Ensure you capture the new column in your range and add the additional parameter,
valueRenderOption: 'FORMATTED_VALUE'
.
You should end up with a call similar to this:
sheets.spreadsheets.values.get({
spreadsheetId: SOME_SHEET_ID,
range: "AUTOMATION!A:D",
valueRenderOption: 'FORMATTED_VALUE'
}, (err, res) => {})
This should then give you a consistent length array for each value, returning a blank string "" in the place of the empty cell value.
回答4:
The only solution I could find is writing your own function:
def _safe_get(data, r, c):
try:
return data[r][c]
except IndexError:
return ''
def read(range_name, service):
result = service[0].spreadsheets().values().get(spreadsheetId=service[1],
range=range_name).execute()
return result.get('values', [])
def safe_read(sheet, row, col, to_row='', to_col='', service=None):
range_name = '%s!%s%i:%s%s' % (sheet, col, row, to_col, to_row)

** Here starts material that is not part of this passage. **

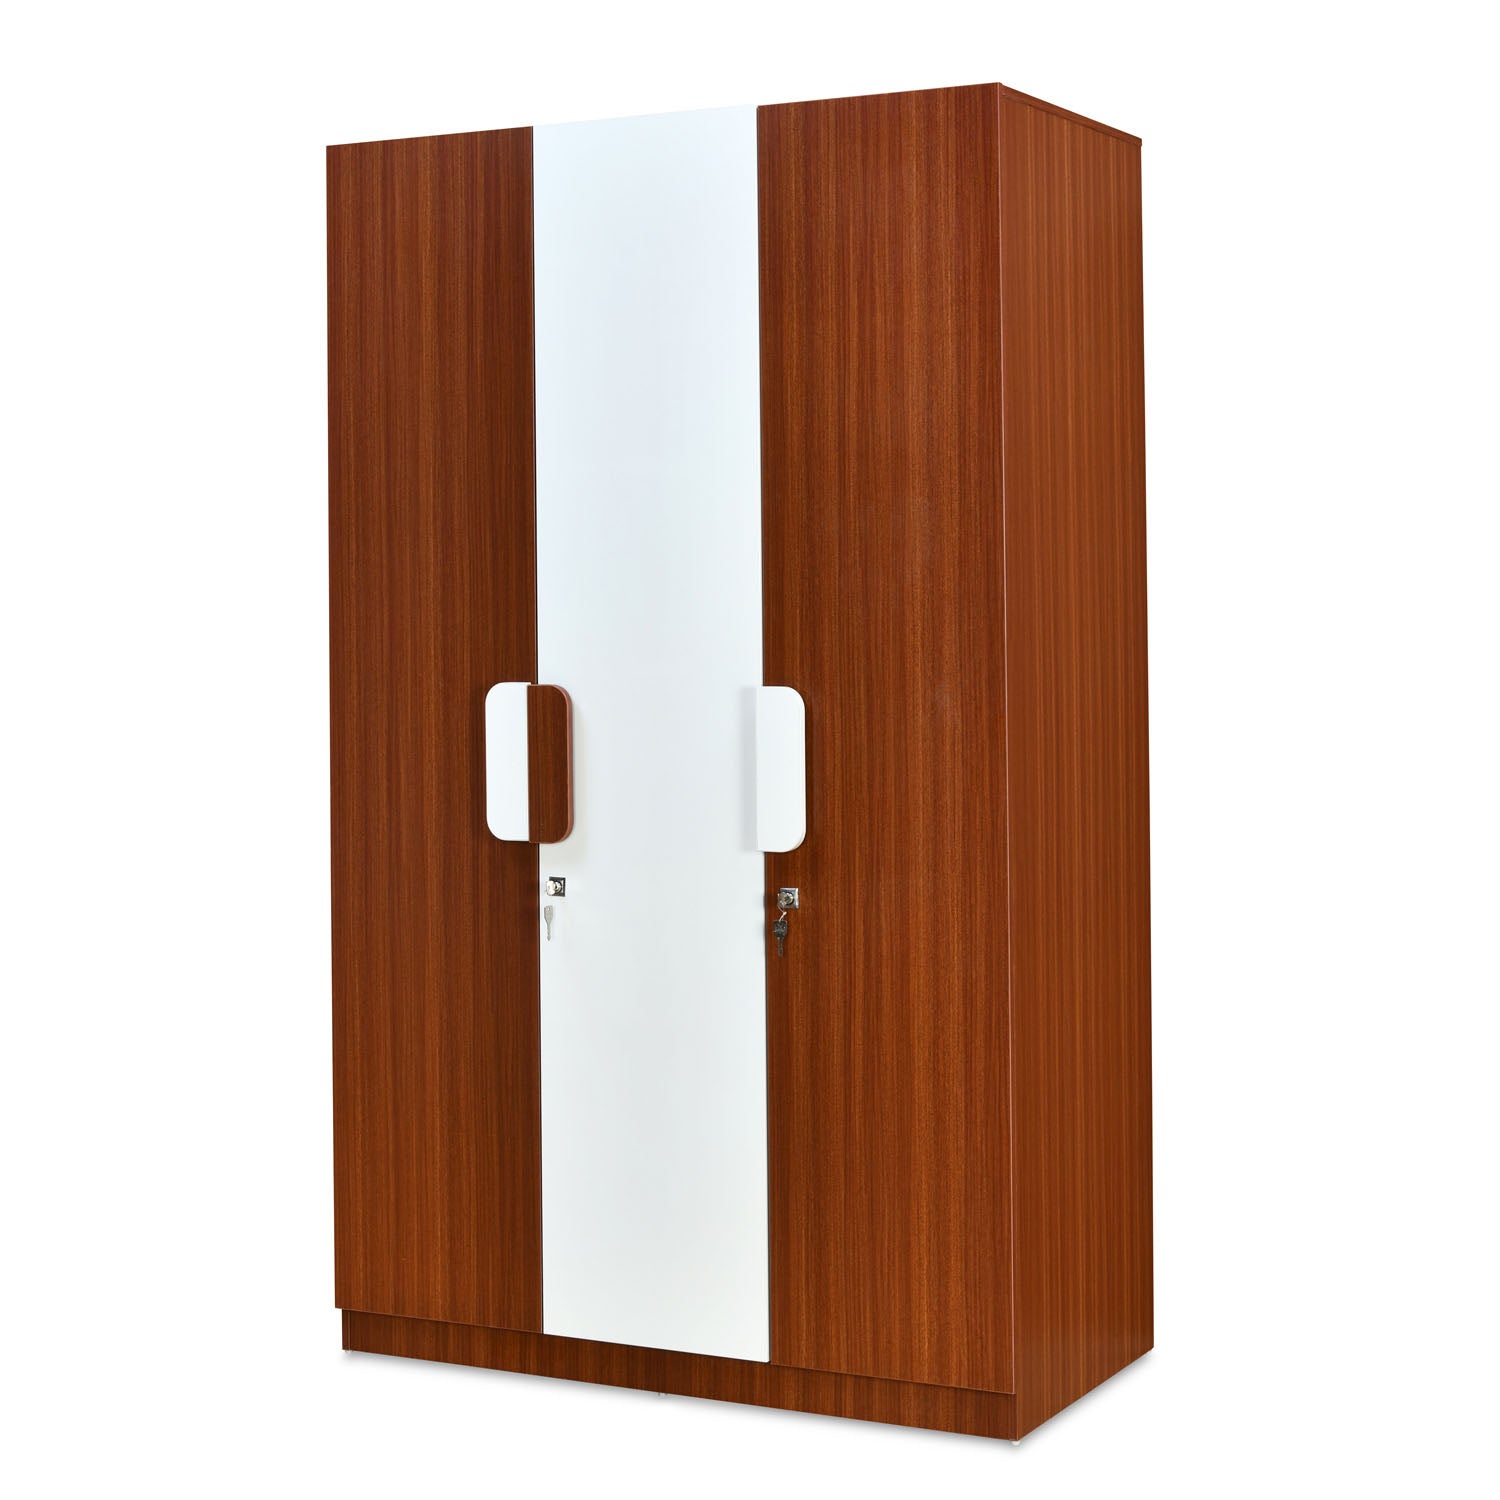 Rubix 3 Door Engineered Wood Wardrobe (Espresso)

data = read(range_name, service)
if to_col == '':
cols = max(len(line) for line in data)
else:
cols = ord(to_col.lower()) - ord(col.lower()) + 1
if to_row == '':
rows = len(data)
else:
rows = to_row - row + 1
return [[_safe_get(data, r, c)
for c in range(cols)]
for r in range(rows)]
回答5:
I know that this is super late, but just in case someone else who has this problem in the future would like a fix for it, I'll share what I did to work past this.
What I did was increase the length of the range of cells I was looking for by one. Then within the Google Spreadsheet that I was reading off of, I added a line of "."s in the extra column (The column added to the array now that the desired range of cells has increased). Then I protected that line of periods so that it can't be changed from the "."
This way gives you an array with everything you are looking for, including null results, but does increase your array size by 1. But if that bothers you, you can just make a new one without the last index of the arrays.